Office 2000: Thinking (Too) Big

A friend once ran a Congressional investigation into certain indiscretions of the nuclear power industry. One of his lines sticks in my head: "First, you hire the fleet of lead-lined dumptrucks..."

That should be the first instruction for installing the Office 2000 collaboration tools. You start with NT Server running Internet Information Server or NT Workstation running Personal Web Server, and then you need two proprietary server extensions on top.

I've installed a fair amount of this stuff, but this is no quick job unless or until your information systems people bless your effort. Understandably, ours don't want me plopping another NT server on our main network. And I've had bad luck each time I've installed Personal Web Server. At least on our machines, what's really personal about it is the frustration, since it demands much troubleshooting just to get it launched the first time.

How Do You Really Work?

Okay, let's assume you bypass all these back-end problems when your Internet service provider agrees to provide Office 2000 services for you. (Many ISPs will, and this approach also solves the problem of accessing information outside your company network.) Now here's what you can do with Office 2000:

First, call up a document you want to share, save it nicely in HTML format, and publish it to the Web server as easily as if you were simply saving a file. This works fine and is all to the good, although most of us actually post HTML documents far less frequently than Microsoft seems to think.

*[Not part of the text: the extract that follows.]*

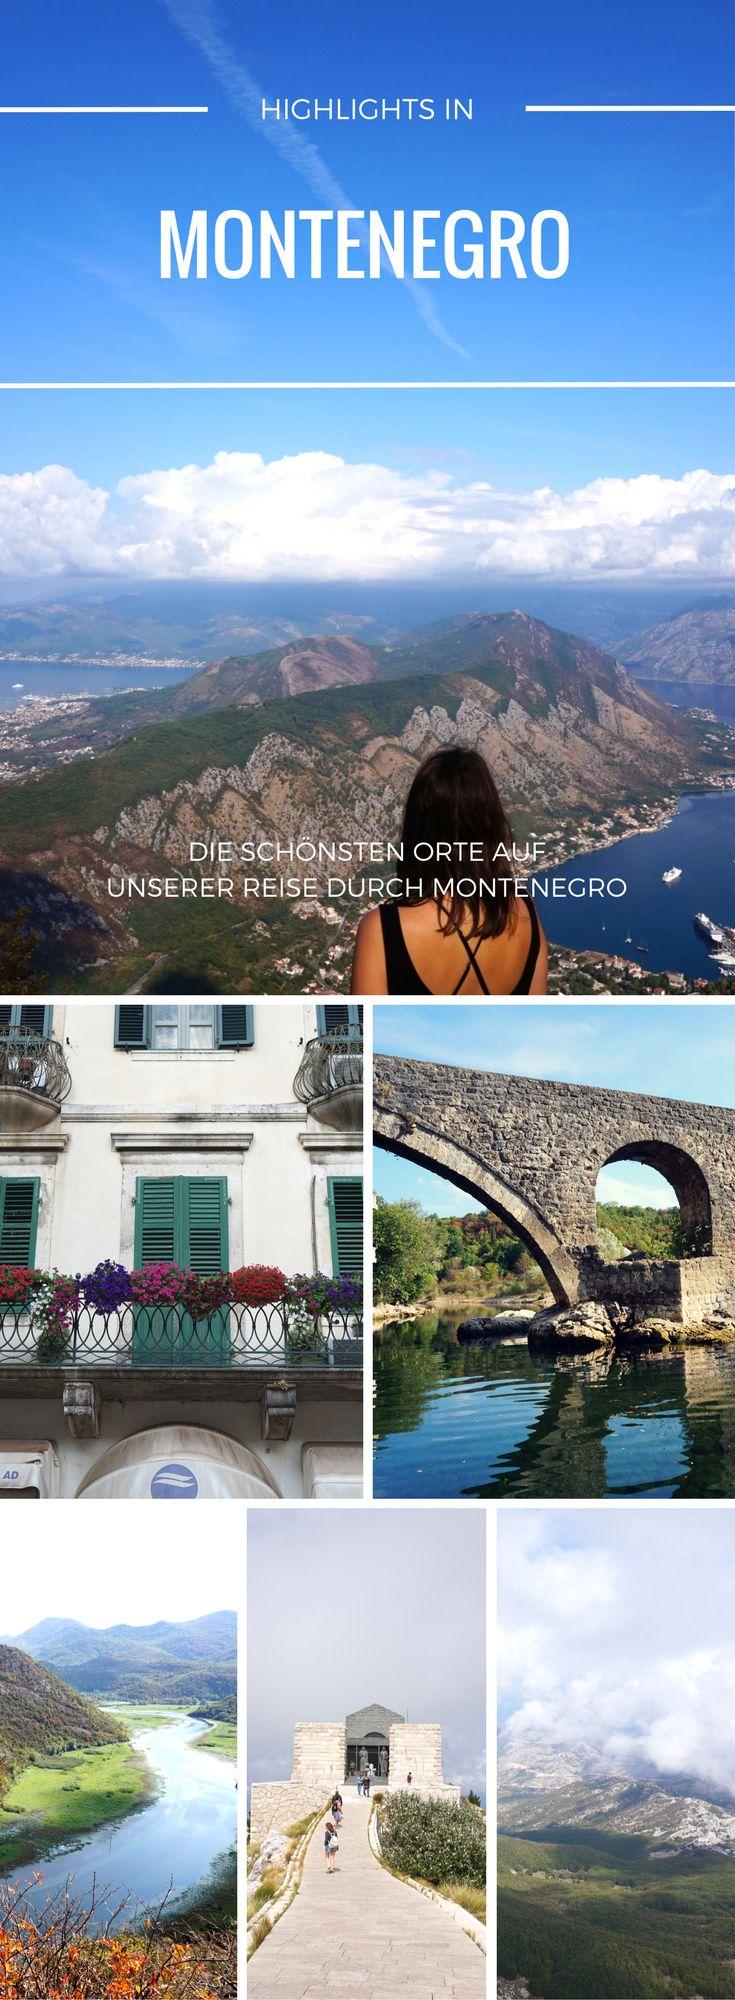 Reisebericht: Highlights in Montenegro – verliebe dich in das unbekannte Europa – Worldonabudget Reiseblog | Reisen und Urlaub mit kleinem Budget und großen Gefühlen.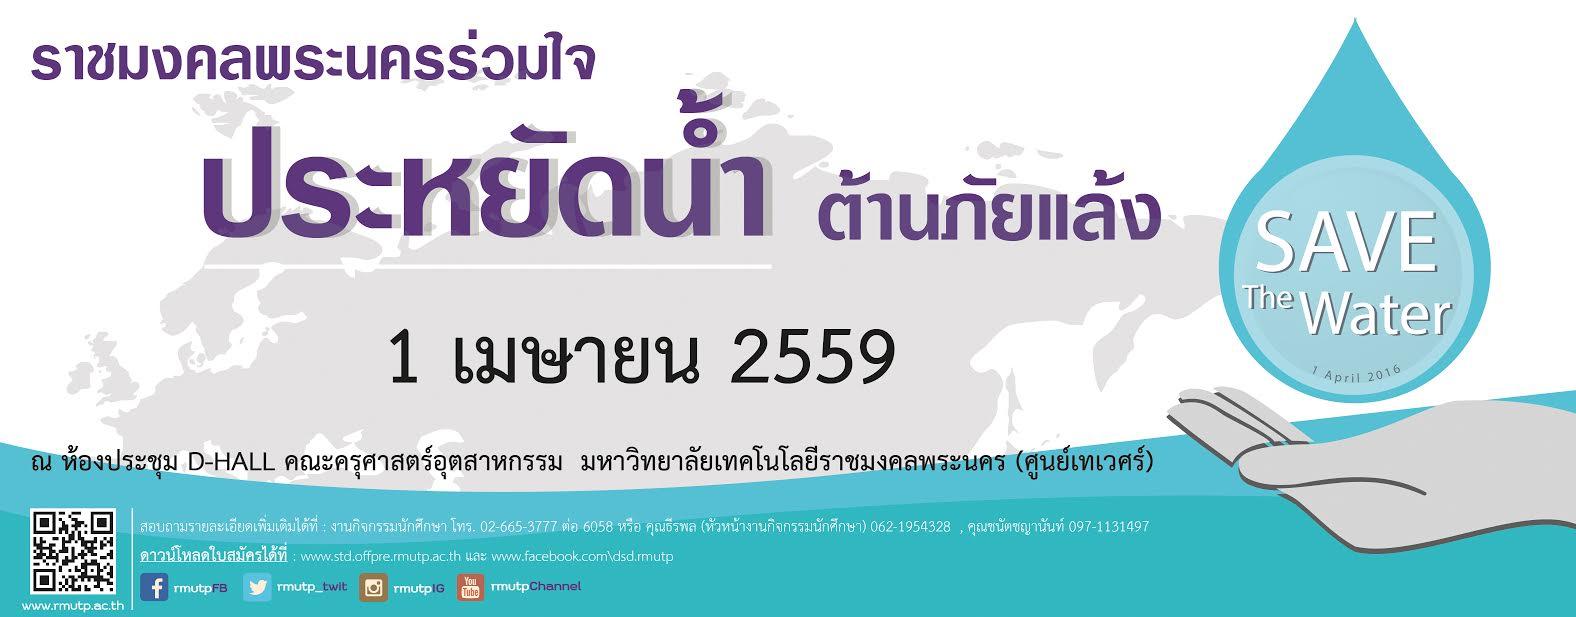 a7ae6bd5-d279-4df8-8223-0b405b5d6842

Second, you can add discussions to these documents--you and your group can post comments right alongside the material. This feature also performs reasonably well, even if you're running Communicator rather than Internet Explorer.

Third, you can automatically send an e-mail alert when a posted document is changed. This might save a little time over manually sending a message. But Office 2000's approach is clumsy, you run the risk of false alarms, and of course you've still got to track all those alerts.

The big problem with all this is that people don't seem to want to work this way. Oh, I know that we should, and I've written many an article promoting discussions. But nobody revises documents more than PC World, and we simply never show interest in any kind of online revisioning or group discussions.

The lesson seems to be that if the discussion is too complicated for e-mail, you need a live meeting.

Punch: When Push Comes to Share

Start-up Punch Networks targets one of these problems--making sure everyone automatically gets the latest version of crucial documents like price lists and status worksheets.

You can take a look at a free version of Punch WebGroups on Excite. It functions like a Web-based document management system, letting you post, share, and update files with whomever you choose.

What's really slick is that it can update the latest documents directly to your hard disk--no manual downloads required.

Currently you must go to Excite and click a few times to get updates, since Excite wants to show you ads.

But this summer Punch will begin offering a corporate version that works in the background. That is, whenever you log onto the Net, the latest version of key documents can be downloaded transparently to your hard drive. So you'll always have the latest version without ever lifting a finger. That is instant group gratification.